Software-maker Adobe has seen profit and sales climb to record levels during the three months to 5 March.
Driving demand has been a new package of software that bundles programs such as Photoshop and Illustrator together.
Net income for the quarter topped analysts' forecasts and more than doubled from a year ago to $123m (£67m), or 50 cents a share.
Sales also surged, jumping to $423.3m and prompting Adobe to increase its revenue targets for the full year.
The company is benefiting from the increasing digitisation of documents, images, video and audio both at home and in the office, analysts said.
To meet changes in the marketplace, Adobe released its Creative Suite package that lets companies buy a number of programs rather than have to shell out for each one separately.
The pick up in demand surprised even the company and Creative Suite accounted for about 15% of total revenue during the first quarter.
Underpinning the new products, meanwhile, is the company's Acrobat software that lets users create and manage documents in the Portable Data Format (PDF).

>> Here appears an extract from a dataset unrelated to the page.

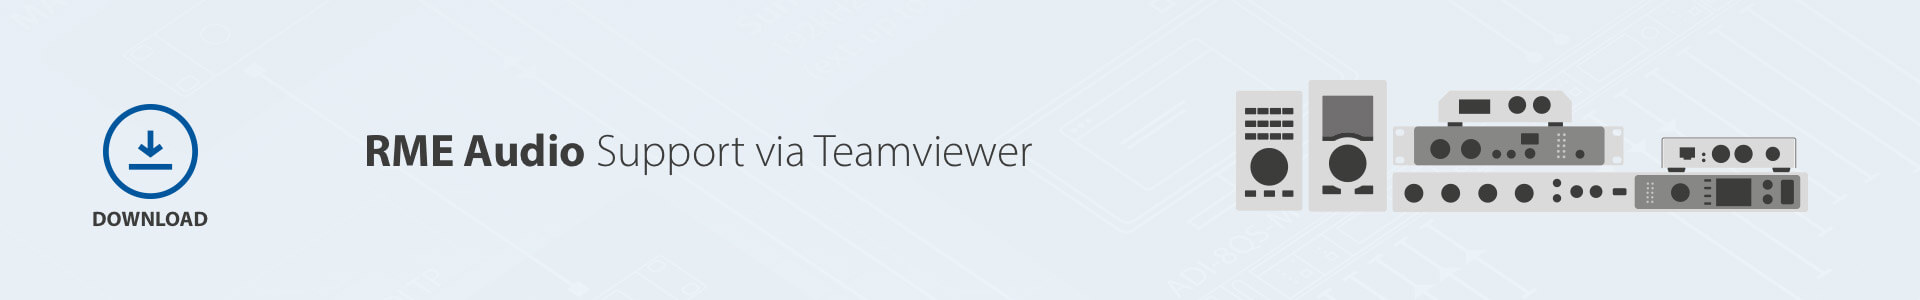 RME Audio Teamviewer Support

Many large firms, particularly those in the finance and legal sectors, are trying to streamline their operations and are replacing paper with electronic documents.
Adobe's first quarter is expected to be stronger than its second and analysts are predicting a drop off in sales because of the Easter holidays and shorter months.
That should not rein in growth too much, however, with revenue for the full year now forecast to rise to between $1.475bn to $1.5bn. That would be an annual growth rate of about 15%.
Shares in Adobe climbed to $38.92 in after-hours trade in New York after earlier closing up at $36.27 on the Nasdaq.